# Tuning Logistic Regression

In [15]:
from sklearn.linear_model import LogisticRegression
from sklearn.metrics import roc_auc_score
import pandas as pd 
import numpy as np 
import optuna

In [16]:
xtrain = pd.read_csv('scaled_data/xtrain.csv', index_col = 0)
xtest = pd.read_csv('scaled_data/xtest.csv', index_col = 0)
ytrain = pd.read_csv('scaled_data/ytrain.csv', index_col = 0)
ytest = pd.read_csv('scaled_data/ytest.csv', index_col = 0)

In [17]:
ytest = ytest.to_numpy().flatten()
ytest.shape

(172572,)

In [18]:
ytrain = ytrain.to_numpy().flatten()
ytrain.shape

(402668,)

In [25]:
# define the objective function
def objective(trial: optuna.Trial, 
              xtrain: pd.DataFrame, 
              ytrain: pd.DataFrame, 
              xtest: pd.DataFrame, 
              ytest: pd.DataFrame) -> float:
    
    # Suggest hyperparameters to tune
    penalty = trial.suggest_categorical('penalty', ['l1', 'l2'])
    C = trial.suggest_loguniform('C', 1e-5, 1e5)
    # solver = trial.suggest_categorical('solver', ['newton-cg', 'liblinear'])
    max_iter = trial.suggest_int('max_iter', 50, 500)
    class_weight = trial.suggest_categorical('class_weight', [None, 'balanced'])

    
    # Create the model with the suggested hyperparameters
    model = LogisticRegression(
        penalty=penalty,
        C=C,
        solver=solver,
        max_iter=max_iter,
        class_weight=class_weight
    )
    
    # Train the model
    model.fit(xtrain, ytrain)

    y_pred_proba = model.predict_proba(xtest)

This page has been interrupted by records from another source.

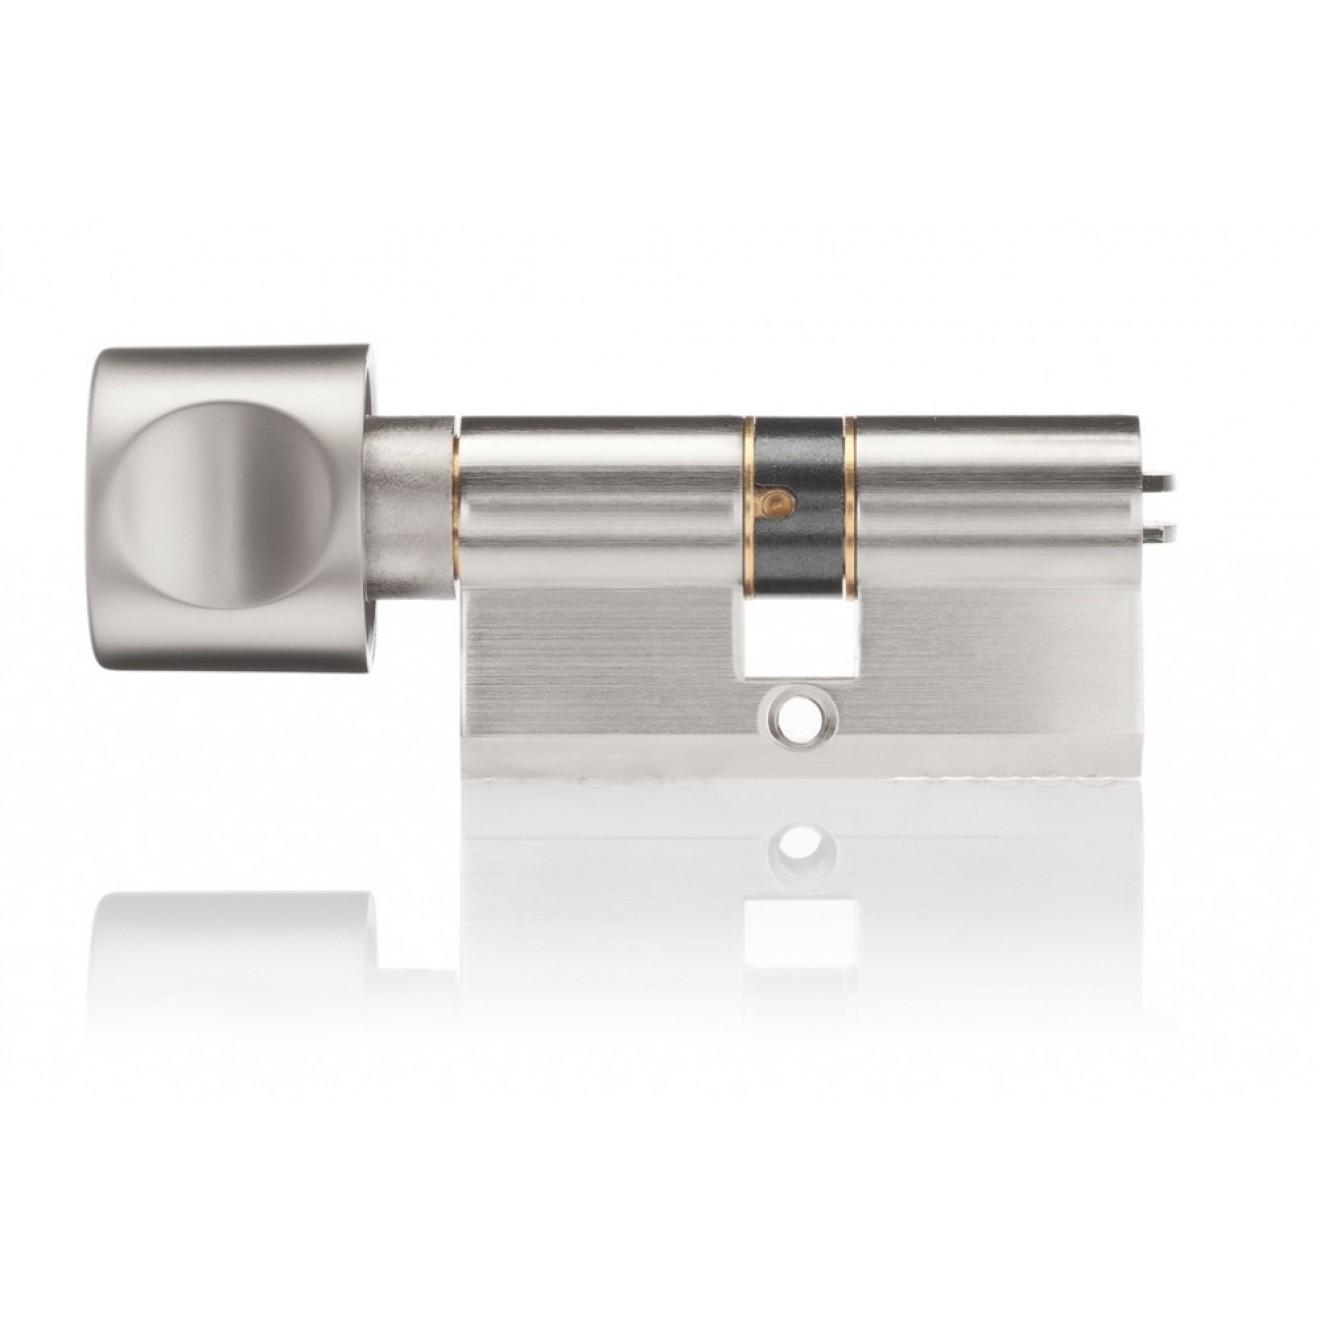 diamant schlie zylinder knauf mit schl sseln und sicherungskarte. Black Bedroom Furniture Sets. Home Design Ideas
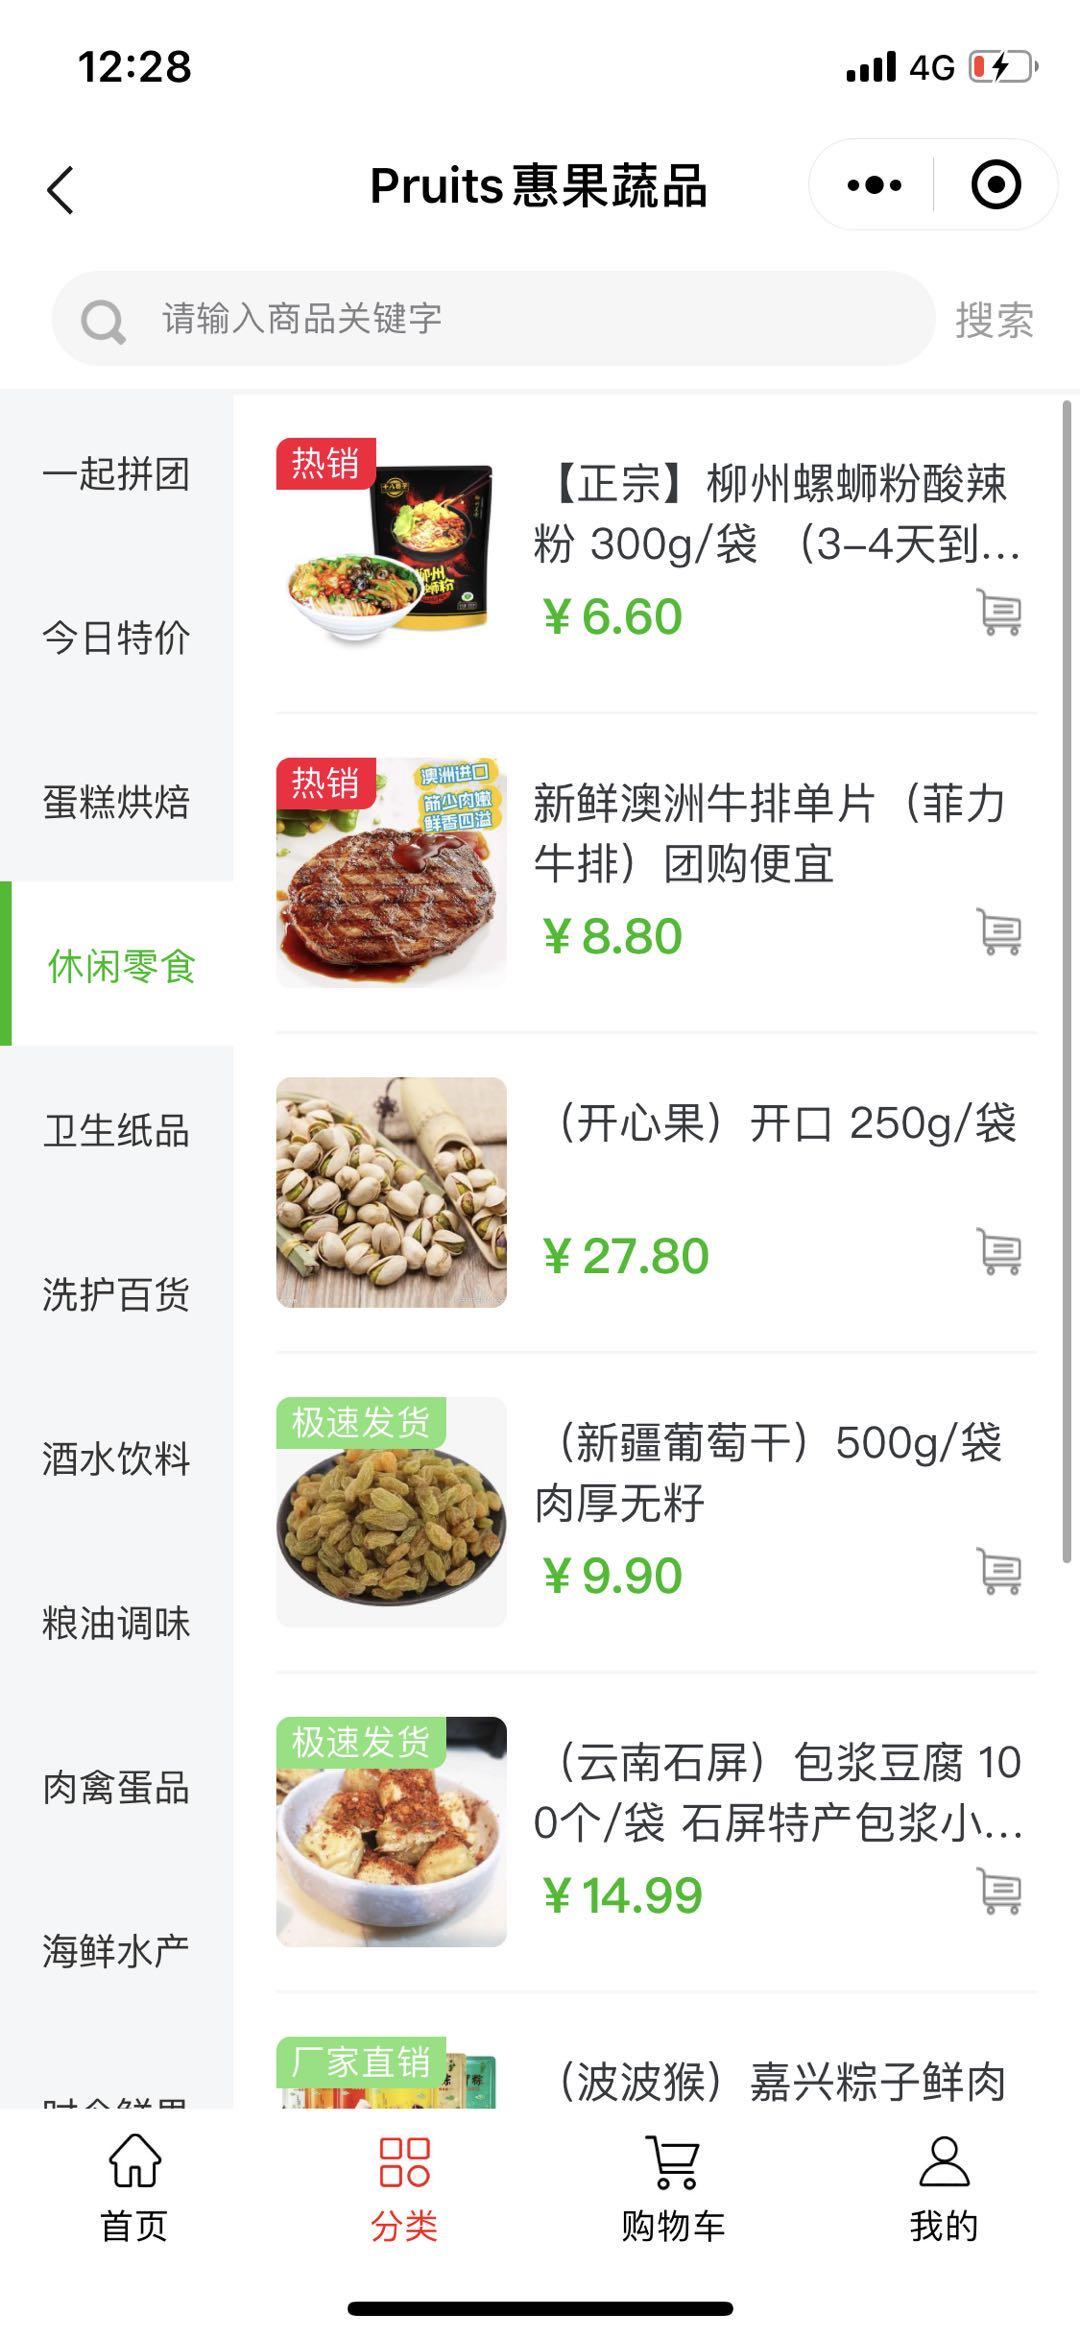 微信Pruits惠果蔬品小程序效果图预览
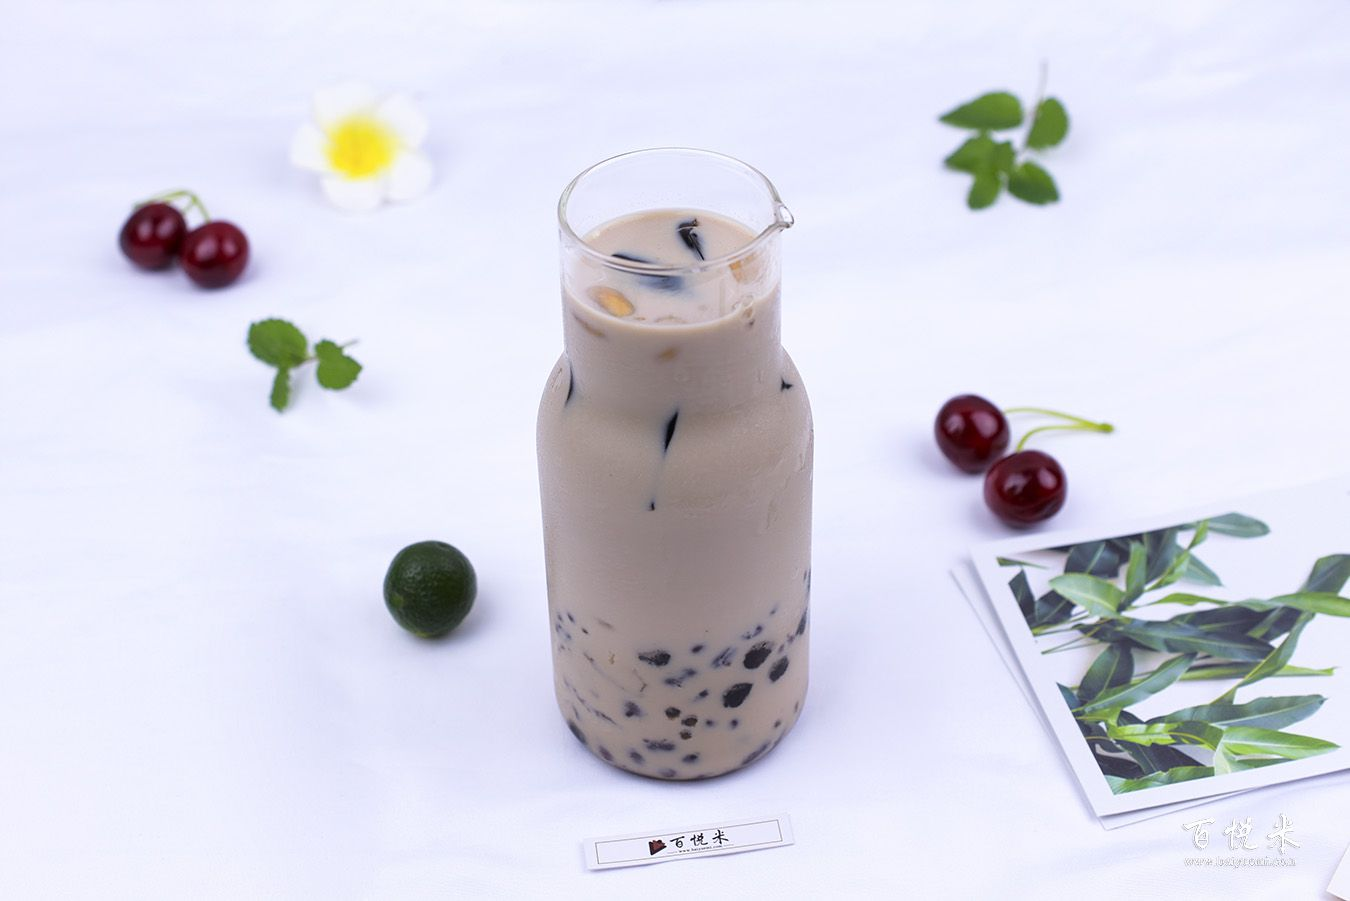 红豆奶茶烧仙草高清图片大全【蛋糕图片】_1283

    roc_auc = roc_auc_score(ytest, y_pred_proba[:, 1])

    return float(roc_auc)

In [None]:
# Create a study object and specify the optimization direction
study = optuna.create_study(direction='maximize')

# Optimize the objective function
study.optimize(lambda trial: objective(trial, 
                                       xtrain = xtrain, 
                                       xtest = xtest,
                                       ytrain = ytrain,
                                       ytest = ytest), n_trials=100)

# Print the best hyperparameters
print('Best hyperparameters:', study.best_params)
print('Best score:', study.best_value)

In [27]:
hyperparams = {
    'penalty': 'l2', 
    'C': 0.3255323004350203, 
    'solver': 'liblinear', 
    'max_iter': 486, 
    'class_weight': 'balanced'
    }